Nonmonotonic Reasoning and Its Applications

【作者】 刘飞

【导师】 李振江; 郭桥;

【作者基本信息】 河南大学 , 逻辑学, 2011, 硕士

【摘要】 经典逻辑的推理形式是演绎的、单调的,一般被称为单调推理。它在解决基础理论问题时发挥了精确性与严格性等特点。但是在处理日常复杂语境下的推理问题时,基于经典逻辑的单调推理具有一定的局限性。与之相反,非单调推理具有一定的灵活性。其特点是推理结论具有暂时性。随着新情况的出现,结论可能会被更正,以便符合实际情况。单调推理与非单调推理之间的区别类似于弗雷格所提出的显微镜与眼睛在功能上的比较。即显微镜发挥了精确性的特点,有助于研究微观世界,但不具有眼睛在生活中的灵活性。然而,眼睛也不可能直接观察到只有通过显微镜才能看到的微观世界。非单调这一概念于上世纪70年代被提出来。经过学者们数十年对非单调推理的研究,逐渐形成了与单调的经典逻辑不同的非单调逻辑。两者之间最明显的差别是,单调逻辑的定理集随前提集的增加而单调递增,而非单调逻辑的定理集是随前提集的增加而非单调递增。具体来说,在日常语境下,以已有知识和新加入的知识为前提,可以得出新结论。新结论往往会面临两种情况:要么是与已有知识无矛盾,要么是与已有知识发生矛盾。第一种情况符合单调逻辑的特点。第二种情况符合非单调逻辑的特点。对于第二种情况,如果能确保新结论符合一般事实,那么就要对已有知识做修改。从而更新知识。对已有知识不断修改,发展新知识的过程,符合人类认识世界的一般规律。一方面,非单调推理对于理解人类如何认识世界有重要启发意义。另一方面,非单调推理也可以作为一种实用的推理工具,应用于其他学科的研究中。因此,研究非单调推理具有重要意义。研究非单调推理首先需要研究非单调逻辑系统。从逻辑学的角度,研究非单调逻辑系统的一致性与完全性等性质,可以阐明非单调推理是如何满足对推理合理性的要求。到目前为止,讨论最多的非单调逻辑系统是模态非单调逻辑和缺省逻辑等等。通过探讨这两类逻辑系统,可以深入了解模态非单调推理与缺省推理。

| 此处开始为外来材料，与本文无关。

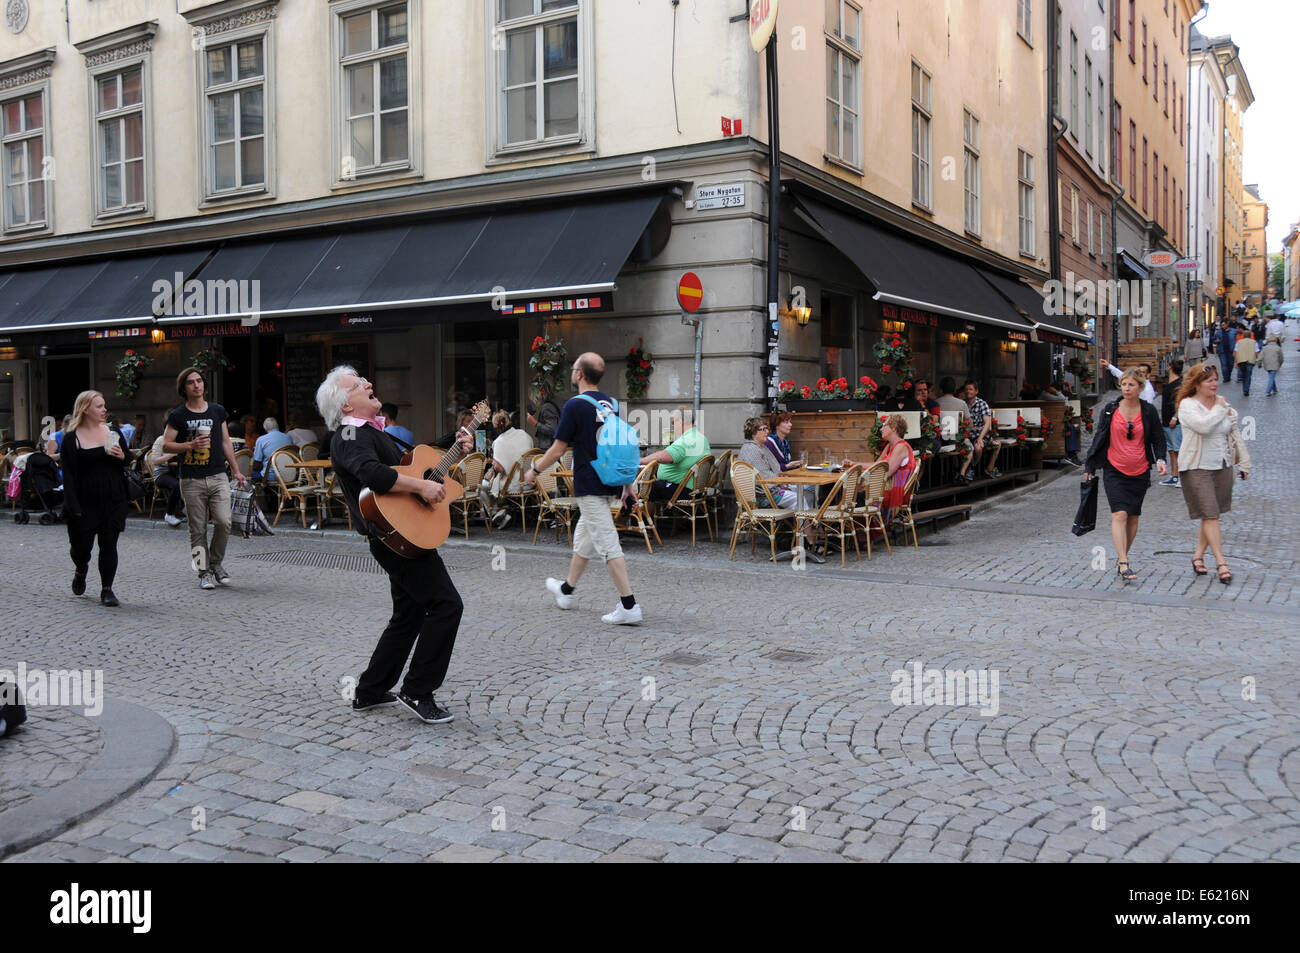 La vida en la calle en el casco antiguo de Estocolmo, con restaurantes, tiendas de café en la acera, los peatones y músicos a lo largo de calles adoquinadas Foto de stock
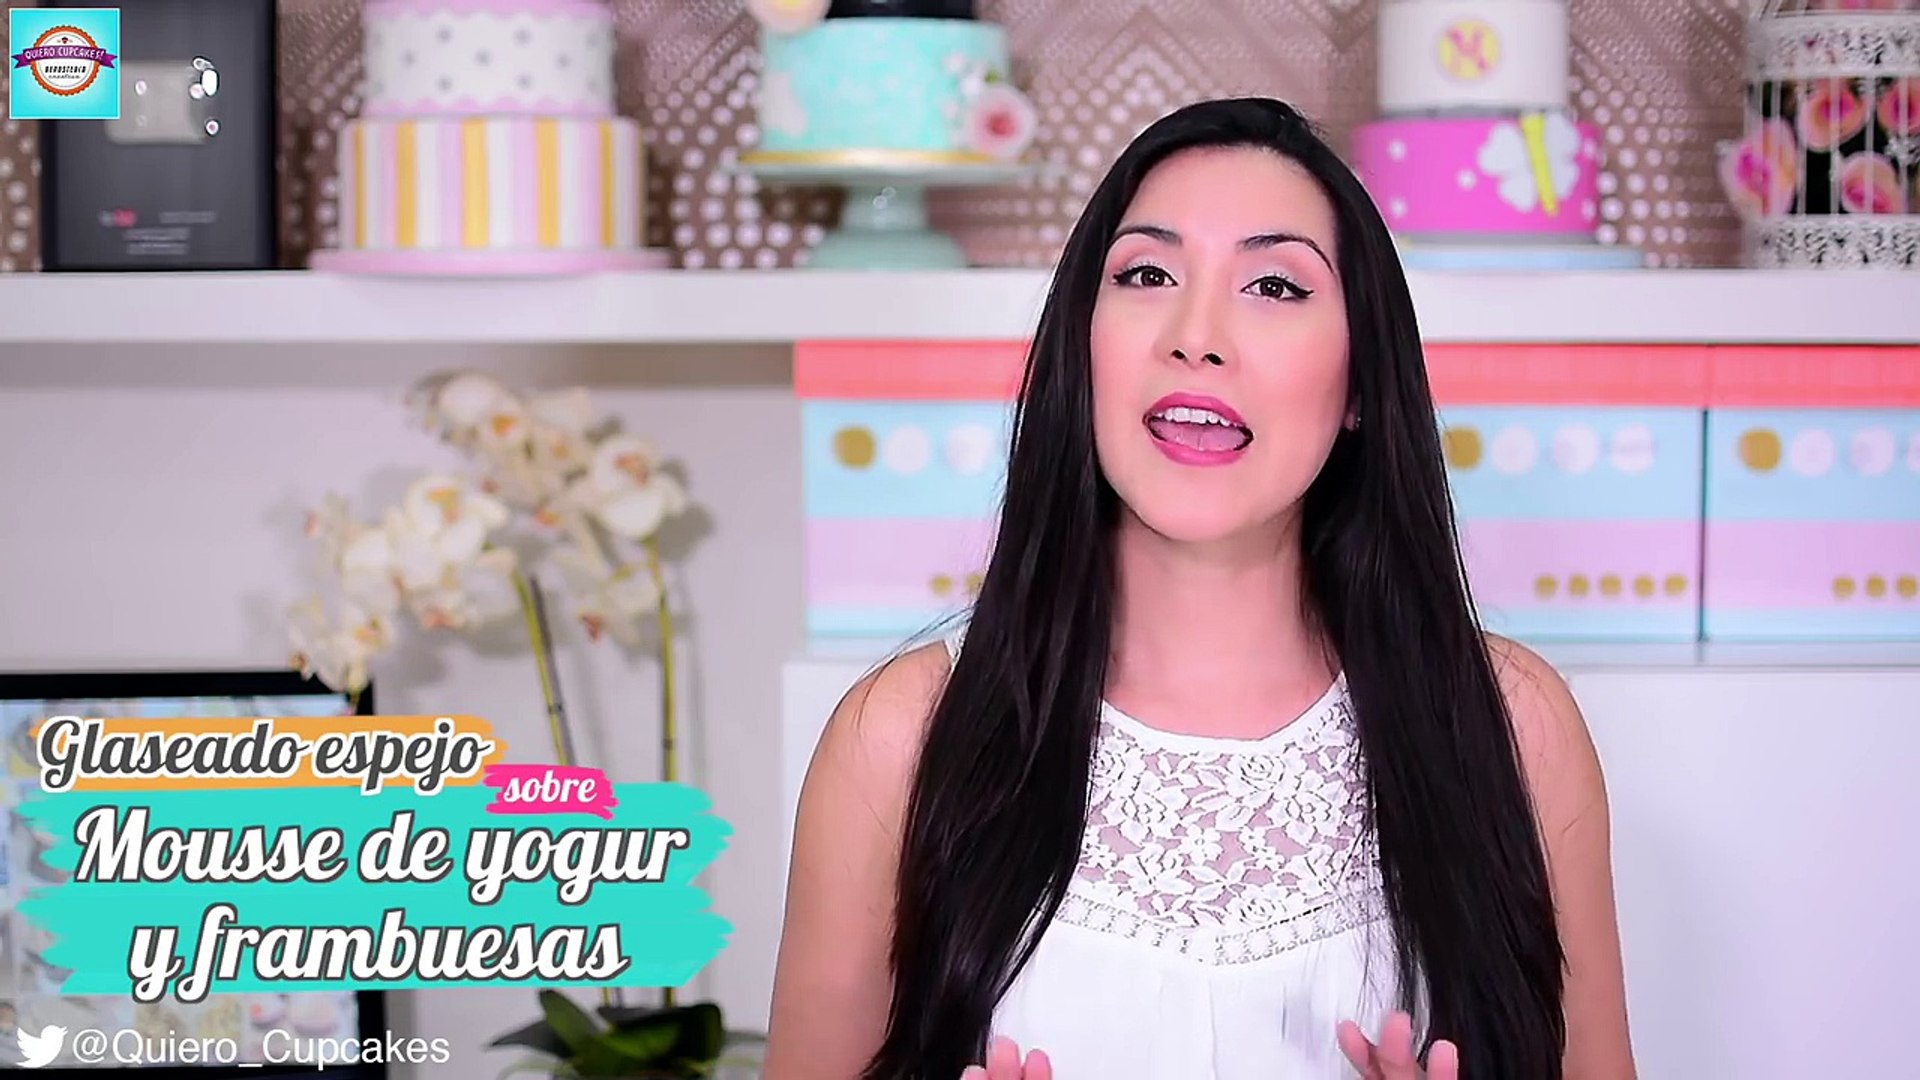 Glaseado espejo sobre mousse de yogur y frambuesa | Mirror Glaze | Quiero  Cupcakes! – Видео Dailymotion

在正文中,首先要全面了解非单调推理。通过讨论模态非单调逻辑和缺省逻辑这两种非单调逻辑系统,对非单调推理有一个整体性的认识。其次对单调推理和非单调推理之间的联系与区别有一个清楚的认识。在此基础上,深入探讨非单调推理在解决常识推理问题方面的效用和在其他学科上所具有的理论价值。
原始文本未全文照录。